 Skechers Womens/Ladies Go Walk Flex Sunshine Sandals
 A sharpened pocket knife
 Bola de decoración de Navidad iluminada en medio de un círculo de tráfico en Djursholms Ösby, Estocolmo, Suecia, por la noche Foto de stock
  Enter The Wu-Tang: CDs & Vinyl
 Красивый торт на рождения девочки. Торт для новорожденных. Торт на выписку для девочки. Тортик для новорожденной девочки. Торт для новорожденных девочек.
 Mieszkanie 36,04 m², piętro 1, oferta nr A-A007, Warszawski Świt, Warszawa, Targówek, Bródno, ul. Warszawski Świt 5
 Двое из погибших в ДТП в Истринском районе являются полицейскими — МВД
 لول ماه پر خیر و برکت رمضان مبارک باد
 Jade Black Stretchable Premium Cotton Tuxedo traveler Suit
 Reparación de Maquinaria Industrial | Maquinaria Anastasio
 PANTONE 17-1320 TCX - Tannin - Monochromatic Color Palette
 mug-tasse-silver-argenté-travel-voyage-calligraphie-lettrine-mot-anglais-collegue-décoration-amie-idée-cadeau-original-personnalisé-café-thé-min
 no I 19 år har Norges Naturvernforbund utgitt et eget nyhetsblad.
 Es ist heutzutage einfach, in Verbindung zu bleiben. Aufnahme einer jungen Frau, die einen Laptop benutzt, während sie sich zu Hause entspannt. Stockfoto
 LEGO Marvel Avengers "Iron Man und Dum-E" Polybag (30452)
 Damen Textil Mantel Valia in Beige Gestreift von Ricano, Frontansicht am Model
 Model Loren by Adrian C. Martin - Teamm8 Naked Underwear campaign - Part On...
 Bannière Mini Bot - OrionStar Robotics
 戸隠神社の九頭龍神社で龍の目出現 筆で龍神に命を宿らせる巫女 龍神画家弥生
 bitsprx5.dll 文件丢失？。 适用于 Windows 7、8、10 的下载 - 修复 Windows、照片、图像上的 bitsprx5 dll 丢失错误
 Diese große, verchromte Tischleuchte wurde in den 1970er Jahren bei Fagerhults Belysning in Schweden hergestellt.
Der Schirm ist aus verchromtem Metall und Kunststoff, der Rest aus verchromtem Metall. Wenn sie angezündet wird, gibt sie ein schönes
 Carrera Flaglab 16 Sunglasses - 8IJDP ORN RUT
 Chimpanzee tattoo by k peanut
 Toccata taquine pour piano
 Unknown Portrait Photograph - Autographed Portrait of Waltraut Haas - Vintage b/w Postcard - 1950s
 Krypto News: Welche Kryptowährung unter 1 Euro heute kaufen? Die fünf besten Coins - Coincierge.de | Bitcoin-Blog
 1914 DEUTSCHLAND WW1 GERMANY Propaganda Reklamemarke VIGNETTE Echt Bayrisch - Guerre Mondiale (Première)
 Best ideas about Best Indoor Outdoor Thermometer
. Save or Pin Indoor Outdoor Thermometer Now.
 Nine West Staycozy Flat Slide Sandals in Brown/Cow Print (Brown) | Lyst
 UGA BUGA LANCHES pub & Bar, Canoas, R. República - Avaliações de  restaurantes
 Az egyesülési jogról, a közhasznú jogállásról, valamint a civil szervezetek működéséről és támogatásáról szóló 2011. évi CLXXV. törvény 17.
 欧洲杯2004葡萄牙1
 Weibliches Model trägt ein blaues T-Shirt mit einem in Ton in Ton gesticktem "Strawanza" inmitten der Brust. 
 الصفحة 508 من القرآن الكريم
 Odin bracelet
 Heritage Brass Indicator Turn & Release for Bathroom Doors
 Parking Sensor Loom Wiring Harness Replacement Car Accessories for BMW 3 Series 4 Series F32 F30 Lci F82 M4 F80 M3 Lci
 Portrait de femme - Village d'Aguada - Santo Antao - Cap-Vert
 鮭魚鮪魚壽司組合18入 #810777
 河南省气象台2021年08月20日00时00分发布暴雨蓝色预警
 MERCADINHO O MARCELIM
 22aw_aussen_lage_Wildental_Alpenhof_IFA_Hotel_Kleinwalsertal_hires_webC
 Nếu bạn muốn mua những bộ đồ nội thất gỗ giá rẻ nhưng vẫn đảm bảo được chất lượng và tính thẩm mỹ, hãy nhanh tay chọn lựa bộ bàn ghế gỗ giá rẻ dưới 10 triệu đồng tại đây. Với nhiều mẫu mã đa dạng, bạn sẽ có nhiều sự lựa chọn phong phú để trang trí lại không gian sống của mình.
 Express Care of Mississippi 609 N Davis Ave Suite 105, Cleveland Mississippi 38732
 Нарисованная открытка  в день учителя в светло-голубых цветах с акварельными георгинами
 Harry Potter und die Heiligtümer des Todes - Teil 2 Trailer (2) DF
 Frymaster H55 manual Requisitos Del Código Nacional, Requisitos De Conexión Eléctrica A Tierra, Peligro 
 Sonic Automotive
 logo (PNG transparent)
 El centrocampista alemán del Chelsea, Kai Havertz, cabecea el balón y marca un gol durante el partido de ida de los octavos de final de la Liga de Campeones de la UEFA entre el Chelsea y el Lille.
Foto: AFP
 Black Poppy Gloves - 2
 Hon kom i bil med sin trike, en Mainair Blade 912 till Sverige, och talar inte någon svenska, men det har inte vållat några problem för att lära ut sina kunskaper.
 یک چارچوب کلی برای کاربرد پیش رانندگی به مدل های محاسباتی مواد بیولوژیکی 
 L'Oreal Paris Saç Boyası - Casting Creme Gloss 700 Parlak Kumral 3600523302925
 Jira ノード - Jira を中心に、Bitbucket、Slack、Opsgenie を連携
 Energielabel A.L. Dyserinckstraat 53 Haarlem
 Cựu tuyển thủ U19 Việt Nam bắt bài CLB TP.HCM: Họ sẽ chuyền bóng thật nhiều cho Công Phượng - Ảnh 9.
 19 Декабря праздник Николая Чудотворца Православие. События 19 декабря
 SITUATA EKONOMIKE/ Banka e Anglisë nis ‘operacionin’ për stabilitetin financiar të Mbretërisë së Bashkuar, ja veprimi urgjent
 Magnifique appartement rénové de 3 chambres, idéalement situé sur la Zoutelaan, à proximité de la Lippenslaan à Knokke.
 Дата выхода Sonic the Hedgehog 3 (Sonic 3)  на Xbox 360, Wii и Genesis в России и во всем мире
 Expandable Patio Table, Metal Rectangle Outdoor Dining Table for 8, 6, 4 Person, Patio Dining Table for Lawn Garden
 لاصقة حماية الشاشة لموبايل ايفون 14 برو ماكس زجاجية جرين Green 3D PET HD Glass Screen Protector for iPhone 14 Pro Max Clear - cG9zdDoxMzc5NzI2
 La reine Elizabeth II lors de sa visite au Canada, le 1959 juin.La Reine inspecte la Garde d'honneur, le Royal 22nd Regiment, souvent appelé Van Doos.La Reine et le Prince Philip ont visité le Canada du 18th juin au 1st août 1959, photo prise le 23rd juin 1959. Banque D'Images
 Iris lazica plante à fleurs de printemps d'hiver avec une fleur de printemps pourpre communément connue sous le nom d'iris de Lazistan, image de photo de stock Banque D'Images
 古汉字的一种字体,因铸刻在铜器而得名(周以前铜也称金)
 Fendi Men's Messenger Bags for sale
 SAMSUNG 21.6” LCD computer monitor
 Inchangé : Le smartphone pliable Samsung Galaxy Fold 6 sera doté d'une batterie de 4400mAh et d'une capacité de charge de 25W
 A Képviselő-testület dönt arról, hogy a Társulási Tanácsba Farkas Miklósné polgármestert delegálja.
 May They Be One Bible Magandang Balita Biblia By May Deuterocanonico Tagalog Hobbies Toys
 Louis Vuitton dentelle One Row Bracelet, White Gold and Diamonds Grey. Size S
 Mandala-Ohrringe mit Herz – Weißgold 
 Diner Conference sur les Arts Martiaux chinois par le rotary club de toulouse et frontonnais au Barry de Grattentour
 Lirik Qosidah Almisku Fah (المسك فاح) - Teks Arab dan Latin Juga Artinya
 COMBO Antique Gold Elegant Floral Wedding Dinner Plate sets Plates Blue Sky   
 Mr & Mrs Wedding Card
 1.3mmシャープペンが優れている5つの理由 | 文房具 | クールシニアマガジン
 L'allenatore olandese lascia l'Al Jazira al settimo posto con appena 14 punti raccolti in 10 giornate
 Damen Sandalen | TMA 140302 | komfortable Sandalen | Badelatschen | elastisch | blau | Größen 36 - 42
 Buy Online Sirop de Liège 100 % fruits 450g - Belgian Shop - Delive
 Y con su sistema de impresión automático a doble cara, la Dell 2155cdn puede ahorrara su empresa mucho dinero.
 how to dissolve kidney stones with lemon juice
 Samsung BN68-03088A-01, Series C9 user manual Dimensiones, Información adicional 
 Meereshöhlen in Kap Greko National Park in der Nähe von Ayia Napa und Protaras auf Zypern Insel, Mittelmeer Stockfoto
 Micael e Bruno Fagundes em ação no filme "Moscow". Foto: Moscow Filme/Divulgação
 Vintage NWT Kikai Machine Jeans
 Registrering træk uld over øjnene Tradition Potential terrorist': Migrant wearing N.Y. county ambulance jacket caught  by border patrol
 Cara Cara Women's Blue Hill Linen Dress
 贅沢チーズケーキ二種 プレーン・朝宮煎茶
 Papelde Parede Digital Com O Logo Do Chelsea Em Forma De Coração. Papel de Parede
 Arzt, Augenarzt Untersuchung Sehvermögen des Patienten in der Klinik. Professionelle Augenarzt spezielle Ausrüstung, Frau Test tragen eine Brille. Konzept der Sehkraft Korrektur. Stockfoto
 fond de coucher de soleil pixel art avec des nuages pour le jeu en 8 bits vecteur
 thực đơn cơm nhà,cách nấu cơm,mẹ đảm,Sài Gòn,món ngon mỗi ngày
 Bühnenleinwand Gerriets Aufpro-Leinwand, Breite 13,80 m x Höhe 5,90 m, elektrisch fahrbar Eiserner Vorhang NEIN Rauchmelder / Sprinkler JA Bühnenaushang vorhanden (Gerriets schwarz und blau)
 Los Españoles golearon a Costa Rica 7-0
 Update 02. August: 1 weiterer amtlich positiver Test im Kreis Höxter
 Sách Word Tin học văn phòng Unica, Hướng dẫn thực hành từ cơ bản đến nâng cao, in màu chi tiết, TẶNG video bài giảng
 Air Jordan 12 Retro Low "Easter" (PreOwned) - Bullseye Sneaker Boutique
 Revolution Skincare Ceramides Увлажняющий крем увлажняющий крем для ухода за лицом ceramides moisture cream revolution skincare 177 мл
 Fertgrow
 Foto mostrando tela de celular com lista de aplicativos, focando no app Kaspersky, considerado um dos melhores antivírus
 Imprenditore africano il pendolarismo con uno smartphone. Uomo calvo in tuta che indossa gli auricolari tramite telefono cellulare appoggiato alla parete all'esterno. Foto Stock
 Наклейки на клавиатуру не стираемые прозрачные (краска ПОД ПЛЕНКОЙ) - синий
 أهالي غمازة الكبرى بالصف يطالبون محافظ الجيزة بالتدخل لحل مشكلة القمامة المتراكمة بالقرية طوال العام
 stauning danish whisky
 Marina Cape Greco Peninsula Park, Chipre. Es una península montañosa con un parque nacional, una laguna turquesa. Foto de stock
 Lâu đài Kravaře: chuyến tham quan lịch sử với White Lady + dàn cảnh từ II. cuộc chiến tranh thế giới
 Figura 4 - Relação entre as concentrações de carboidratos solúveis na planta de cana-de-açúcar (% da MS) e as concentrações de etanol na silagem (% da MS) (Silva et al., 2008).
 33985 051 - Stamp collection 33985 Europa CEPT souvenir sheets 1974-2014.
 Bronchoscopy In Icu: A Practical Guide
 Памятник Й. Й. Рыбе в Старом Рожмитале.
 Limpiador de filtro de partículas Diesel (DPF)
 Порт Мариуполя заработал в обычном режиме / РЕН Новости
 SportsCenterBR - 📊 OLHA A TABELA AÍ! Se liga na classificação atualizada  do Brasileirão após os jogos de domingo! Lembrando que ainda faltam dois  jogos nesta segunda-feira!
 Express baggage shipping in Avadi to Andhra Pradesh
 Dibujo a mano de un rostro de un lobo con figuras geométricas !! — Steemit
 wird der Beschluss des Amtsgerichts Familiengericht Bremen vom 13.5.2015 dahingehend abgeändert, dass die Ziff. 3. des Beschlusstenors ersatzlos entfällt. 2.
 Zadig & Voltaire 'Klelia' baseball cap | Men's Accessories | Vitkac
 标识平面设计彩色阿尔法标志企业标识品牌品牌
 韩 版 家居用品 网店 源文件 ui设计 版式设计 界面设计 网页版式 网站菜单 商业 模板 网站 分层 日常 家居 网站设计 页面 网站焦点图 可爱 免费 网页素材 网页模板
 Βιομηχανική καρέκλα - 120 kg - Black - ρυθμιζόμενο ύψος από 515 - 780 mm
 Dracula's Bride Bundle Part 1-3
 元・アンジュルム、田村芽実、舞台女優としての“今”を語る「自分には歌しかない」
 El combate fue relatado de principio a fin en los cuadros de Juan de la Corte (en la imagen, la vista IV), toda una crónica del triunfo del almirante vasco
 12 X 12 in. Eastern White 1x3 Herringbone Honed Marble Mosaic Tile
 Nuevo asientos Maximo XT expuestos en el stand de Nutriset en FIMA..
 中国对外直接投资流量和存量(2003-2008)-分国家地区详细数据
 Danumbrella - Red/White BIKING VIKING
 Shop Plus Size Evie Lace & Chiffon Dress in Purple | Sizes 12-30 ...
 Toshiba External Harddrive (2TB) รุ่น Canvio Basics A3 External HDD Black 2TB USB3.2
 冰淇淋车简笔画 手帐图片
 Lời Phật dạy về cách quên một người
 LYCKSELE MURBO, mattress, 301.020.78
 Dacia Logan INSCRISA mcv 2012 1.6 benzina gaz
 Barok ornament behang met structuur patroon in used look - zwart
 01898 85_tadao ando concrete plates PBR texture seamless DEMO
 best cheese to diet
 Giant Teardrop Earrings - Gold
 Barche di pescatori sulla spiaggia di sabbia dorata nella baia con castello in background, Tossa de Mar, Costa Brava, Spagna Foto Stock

* * * * * * *

* [Prompt] Repeat, character for character, the lines of the material above from the line with "Vintage NWT Kikai Machine Jeans" through the line with "Air Jordan 12".

* [Expected output]
 Vintage NWT Kikai Machine Jeans
 Registrering træk uld over øjnene Tradition Potential terrorist': Migrant wearing N.Y. county ambulance jacket caught  by border patrol
 Cara Cara Women's Blue Hill Linen Dress
 贅沢チーズケーキ二種 プレーン・朝宮煎茶
 Papelde Parede Digital Com O Logo Do Chelsea Em Forma De Coração. Papel de Parede
 Arzt, Augenarzt Untersuchung Sehvermögen des Patienten in der Klinik. Professionelle Augenarzt spezielle Ausrüstung, Frau Test tragen eine Brille. Konzept der Sehkraft Korrektur. Stockfoto
 fond de coucher de soleil pixel art avec des nuages pour le jeu en 8 bits vecteur
 thực đơn cơm nhà,cách nấu cơm,mẹ đảm,Sài Gòn,món ngon mỗi ngày
 Bühnenleinwand Gerriets Aufpro-Leinwand, Breite 13,80 m x Höhe 5,90 m, elektrisch fahrbar Eiserner Vorhang NEIN Rauchmelder / Sprinkler JA Bühnenaushang vorhanden (Gerriets schwarz und blau)
 Los Españoles golearon a Costa Rica 7-0
 Update 02. August: 1 weiterer amtlich positiver Test im Kreis Höxter
 Sách Word Tin học văn phòng Unica, Hướng dẫn thực hành từ cơ bản đến nâng cao, in màu chi tiết, TẶNG video bài giảng
 Air Jordan 12 Retro Low "Easter" (PreOwned) - Bullseye Sneaker Boutique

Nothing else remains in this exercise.